* Your instructions
Examine the records and identify each line that includes the string "Wars". Copy those lines.

==== Recorded information ====

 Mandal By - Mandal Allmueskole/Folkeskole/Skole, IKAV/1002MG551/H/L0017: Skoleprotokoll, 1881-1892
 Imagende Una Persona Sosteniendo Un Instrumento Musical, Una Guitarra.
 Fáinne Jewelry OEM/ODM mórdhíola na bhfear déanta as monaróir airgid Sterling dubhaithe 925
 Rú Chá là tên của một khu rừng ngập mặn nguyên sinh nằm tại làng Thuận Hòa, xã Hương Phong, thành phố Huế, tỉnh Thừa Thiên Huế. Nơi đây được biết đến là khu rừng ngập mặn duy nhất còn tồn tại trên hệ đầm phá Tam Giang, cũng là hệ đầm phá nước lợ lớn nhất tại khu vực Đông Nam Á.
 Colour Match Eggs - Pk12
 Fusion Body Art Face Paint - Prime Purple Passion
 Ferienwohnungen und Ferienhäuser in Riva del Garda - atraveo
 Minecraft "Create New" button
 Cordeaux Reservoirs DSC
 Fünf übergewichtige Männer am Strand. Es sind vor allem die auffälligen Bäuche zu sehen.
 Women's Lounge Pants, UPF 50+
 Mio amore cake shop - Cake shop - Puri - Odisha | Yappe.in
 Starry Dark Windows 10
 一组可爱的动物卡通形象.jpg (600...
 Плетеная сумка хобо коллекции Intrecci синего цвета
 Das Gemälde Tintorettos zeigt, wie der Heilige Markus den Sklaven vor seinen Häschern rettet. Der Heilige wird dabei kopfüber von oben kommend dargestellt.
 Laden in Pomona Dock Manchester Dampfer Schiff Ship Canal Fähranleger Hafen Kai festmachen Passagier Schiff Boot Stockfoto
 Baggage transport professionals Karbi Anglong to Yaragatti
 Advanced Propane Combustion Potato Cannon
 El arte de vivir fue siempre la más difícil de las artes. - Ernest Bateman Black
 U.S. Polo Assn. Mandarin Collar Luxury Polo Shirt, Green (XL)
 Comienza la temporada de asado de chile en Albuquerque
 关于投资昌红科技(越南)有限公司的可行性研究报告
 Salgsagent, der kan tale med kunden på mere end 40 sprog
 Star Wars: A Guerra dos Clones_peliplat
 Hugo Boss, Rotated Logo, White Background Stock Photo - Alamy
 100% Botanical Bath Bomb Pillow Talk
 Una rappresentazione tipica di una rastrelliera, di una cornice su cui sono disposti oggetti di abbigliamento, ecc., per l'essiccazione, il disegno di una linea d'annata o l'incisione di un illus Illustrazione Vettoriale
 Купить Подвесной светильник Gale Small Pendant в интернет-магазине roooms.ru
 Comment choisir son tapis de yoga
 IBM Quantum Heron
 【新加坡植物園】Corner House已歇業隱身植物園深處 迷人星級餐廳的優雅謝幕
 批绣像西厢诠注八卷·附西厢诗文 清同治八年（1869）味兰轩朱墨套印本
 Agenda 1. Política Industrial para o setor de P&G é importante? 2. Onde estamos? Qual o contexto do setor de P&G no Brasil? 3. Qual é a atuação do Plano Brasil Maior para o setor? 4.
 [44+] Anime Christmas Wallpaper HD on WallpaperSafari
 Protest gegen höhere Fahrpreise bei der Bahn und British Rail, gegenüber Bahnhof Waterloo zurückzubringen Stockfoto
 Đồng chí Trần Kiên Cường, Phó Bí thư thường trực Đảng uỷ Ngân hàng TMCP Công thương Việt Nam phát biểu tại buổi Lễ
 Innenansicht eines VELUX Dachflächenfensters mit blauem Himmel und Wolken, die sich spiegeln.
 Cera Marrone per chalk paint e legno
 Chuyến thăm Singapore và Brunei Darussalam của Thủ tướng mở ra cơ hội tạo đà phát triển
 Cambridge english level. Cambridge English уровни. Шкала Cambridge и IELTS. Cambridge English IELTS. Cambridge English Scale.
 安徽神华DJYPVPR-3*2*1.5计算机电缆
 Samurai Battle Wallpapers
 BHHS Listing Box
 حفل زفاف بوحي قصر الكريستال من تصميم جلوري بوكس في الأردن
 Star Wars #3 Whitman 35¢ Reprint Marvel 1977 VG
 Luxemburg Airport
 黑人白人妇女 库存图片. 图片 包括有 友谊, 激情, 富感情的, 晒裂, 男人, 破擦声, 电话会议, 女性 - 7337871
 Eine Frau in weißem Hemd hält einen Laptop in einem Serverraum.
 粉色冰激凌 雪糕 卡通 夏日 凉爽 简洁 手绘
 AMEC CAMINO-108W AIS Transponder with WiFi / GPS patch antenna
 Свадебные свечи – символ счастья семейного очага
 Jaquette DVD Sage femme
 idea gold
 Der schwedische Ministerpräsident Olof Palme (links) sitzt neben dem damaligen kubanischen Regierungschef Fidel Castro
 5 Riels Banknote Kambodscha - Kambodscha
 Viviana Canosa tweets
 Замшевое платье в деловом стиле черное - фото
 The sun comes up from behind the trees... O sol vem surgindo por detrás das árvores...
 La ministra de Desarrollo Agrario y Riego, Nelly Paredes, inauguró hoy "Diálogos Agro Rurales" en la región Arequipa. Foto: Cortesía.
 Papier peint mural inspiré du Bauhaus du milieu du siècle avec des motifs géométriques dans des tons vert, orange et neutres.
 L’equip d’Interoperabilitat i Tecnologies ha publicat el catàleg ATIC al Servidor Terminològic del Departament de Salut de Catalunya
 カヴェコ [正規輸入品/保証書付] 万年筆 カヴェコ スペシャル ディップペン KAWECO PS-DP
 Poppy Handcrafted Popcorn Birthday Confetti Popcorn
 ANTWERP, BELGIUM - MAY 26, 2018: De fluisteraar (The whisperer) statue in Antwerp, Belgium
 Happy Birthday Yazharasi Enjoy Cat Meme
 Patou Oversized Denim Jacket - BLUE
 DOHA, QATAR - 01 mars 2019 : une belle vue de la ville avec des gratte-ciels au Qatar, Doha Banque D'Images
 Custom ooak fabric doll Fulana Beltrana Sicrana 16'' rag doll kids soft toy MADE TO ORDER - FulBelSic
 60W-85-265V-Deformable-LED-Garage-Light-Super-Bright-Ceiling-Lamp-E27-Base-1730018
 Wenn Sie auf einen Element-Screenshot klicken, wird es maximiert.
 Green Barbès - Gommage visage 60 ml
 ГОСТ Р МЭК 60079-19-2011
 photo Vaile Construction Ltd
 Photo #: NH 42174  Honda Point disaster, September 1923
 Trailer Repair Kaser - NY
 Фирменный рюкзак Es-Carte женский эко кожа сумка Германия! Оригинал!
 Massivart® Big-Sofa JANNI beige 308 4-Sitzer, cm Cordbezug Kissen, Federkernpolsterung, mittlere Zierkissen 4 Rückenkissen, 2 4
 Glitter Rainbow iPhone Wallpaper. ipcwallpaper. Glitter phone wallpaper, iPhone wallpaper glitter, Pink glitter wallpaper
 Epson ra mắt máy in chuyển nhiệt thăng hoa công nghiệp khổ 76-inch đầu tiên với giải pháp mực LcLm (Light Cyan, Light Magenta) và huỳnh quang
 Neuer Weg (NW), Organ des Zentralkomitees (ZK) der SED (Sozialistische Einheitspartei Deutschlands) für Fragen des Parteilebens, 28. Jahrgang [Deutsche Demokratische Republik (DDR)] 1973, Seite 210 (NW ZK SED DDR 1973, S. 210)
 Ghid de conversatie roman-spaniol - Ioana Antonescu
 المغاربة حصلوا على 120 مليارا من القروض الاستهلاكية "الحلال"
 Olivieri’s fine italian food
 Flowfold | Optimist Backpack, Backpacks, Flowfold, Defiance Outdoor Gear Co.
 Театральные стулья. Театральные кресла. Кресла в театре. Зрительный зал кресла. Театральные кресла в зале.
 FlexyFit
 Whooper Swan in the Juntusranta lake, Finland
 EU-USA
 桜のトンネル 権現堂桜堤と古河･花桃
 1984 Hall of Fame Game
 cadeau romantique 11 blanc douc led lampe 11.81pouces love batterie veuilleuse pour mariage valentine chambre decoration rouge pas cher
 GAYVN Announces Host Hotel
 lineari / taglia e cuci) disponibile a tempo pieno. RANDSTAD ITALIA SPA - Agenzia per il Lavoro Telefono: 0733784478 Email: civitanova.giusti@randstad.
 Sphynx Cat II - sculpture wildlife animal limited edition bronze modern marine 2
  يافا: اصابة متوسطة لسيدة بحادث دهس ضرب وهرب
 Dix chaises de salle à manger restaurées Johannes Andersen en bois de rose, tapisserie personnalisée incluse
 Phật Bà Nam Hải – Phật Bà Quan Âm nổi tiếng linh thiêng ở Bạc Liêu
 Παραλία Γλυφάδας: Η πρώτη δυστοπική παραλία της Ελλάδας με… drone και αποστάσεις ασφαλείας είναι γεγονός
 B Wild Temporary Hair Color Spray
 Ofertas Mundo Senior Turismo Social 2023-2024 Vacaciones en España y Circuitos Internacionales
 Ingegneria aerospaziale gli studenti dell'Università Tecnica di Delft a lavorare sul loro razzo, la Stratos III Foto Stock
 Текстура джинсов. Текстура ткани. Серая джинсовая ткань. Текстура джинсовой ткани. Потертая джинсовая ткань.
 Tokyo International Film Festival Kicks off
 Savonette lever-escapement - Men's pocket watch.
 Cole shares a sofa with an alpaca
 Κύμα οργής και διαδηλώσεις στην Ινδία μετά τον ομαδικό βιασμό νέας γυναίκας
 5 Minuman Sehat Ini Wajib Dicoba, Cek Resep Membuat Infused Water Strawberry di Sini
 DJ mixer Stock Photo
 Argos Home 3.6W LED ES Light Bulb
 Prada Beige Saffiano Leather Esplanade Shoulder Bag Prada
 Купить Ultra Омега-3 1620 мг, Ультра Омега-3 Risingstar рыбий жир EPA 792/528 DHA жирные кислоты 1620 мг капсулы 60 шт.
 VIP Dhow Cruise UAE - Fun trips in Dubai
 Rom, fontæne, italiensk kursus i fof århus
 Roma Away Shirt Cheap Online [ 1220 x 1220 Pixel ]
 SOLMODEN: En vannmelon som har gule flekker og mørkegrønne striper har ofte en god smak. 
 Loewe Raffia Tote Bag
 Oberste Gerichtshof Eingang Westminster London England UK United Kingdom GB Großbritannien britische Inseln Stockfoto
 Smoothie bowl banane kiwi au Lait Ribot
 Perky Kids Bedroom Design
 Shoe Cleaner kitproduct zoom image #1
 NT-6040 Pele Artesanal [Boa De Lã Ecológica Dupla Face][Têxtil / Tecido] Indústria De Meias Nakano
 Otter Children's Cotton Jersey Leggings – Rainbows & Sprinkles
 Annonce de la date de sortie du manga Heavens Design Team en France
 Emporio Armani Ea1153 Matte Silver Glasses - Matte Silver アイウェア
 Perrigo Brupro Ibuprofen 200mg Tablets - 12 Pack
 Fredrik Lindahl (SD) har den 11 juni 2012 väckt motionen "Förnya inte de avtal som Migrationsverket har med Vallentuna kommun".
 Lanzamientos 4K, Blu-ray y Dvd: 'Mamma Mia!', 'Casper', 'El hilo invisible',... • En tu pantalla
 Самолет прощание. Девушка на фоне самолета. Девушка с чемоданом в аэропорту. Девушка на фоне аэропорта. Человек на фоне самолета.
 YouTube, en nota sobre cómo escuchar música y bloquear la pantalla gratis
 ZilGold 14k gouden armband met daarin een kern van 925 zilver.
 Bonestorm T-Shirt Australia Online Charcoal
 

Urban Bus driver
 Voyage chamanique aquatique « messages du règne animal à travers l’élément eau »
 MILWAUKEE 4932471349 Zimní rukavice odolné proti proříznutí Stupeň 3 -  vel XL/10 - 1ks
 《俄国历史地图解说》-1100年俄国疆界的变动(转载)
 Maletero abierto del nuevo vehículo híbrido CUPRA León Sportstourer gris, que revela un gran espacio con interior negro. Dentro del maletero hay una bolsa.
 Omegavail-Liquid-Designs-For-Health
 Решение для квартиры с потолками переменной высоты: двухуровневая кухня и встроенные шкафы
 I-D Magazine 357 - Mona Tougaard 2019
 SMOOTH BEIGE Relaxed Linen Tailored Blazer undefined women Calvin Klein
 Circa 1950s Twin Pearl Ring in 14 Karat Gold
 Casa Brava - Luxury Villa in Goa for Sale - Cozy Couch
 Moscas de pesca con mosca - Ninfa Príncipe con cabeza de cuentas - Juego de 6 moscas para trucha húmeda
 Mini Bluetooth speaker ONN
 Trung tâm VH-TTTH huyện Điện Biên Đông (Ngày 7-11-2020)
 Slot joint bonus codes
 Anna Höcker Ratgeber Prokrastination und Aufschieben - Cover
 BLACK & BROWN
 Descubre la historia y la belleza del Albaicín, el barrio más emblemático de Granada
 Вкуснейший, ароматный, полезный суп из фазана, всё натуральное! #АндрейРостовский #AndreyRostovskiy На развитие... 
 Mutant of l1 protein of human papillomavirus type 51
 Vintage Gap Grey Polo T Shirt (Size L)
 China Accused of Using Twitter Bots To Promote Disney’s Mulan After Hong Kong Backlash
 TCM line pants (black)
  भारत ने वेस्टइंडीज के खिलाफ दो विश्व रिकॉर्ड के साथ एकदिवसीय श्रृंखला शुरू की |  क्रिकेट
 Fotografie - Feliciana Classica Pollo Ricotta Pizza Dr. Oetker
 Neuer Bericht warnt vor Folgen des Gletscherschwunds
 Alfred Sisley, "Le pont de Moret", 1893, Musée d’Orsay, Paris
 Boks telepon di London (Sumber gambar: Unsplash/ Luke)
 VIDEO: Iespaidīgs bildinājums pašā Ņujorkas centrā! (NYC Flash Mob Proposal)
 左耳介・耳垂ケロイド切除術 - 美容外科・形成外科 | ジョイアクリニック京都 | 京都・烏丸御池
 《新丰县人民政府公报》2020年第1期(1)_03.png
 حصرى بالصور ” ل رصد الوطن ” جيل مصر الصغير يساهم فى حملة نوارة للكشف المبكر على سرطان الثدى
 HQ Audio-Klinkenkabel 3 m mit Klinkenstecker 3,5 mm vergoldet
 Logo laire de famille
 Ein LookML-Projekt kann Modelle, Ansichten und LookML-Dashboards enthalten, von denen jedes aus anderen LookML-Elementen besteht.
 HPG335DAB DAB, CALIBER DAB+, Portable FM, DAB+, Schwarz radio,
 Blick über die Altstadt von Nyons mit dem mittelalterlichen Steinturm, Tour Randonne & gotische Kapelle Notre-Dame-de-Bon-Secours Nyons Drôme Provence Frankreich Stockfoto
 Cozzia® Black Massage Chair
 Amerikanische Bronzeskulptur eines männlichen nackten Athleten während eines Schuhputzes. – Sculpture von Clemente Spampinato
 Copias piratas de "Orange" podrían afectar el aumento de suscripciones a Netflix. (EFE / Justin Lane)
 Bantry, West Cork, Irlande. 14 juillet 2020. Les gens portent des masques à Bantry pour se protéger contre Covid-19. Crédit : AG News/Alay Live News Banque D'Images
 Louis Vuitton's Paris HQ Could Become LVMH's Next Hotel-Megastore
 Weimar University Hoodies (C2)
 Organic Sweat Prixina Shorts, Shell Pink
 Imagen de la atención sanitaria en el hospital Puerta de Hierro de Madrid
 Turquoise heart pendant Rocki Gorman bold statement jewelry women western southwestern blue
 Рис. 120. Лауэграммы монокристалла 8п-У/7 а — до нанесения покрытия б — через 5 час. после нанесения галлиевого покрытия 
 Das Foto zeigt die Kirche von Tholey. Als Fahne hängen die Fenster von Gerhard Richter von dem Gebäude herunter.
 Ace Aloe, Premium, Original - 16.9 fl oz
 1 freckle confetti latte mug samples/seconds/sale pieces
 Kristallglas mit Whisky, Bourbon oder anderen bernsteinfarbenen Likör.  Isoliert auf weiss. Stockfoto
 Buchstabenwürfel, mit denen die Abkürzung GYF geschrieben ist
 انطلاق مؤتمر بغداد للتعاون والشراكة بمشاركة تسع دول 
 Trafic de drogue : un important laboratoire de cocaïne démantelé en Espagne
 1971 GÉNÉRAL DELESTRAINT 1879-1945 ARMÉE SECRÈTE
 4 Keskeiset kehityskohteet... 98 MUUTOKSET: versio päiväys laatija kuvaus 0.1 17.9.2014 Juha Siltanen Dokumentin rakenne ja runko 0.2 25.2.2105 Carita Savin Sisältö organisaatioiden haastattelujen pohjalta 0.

====

* Solution to this problem
 Star Wars: A Guerra dos Clones_peliplat
 Star Wars #3 Whitman 35¢ Reprint Marvel 1977 VG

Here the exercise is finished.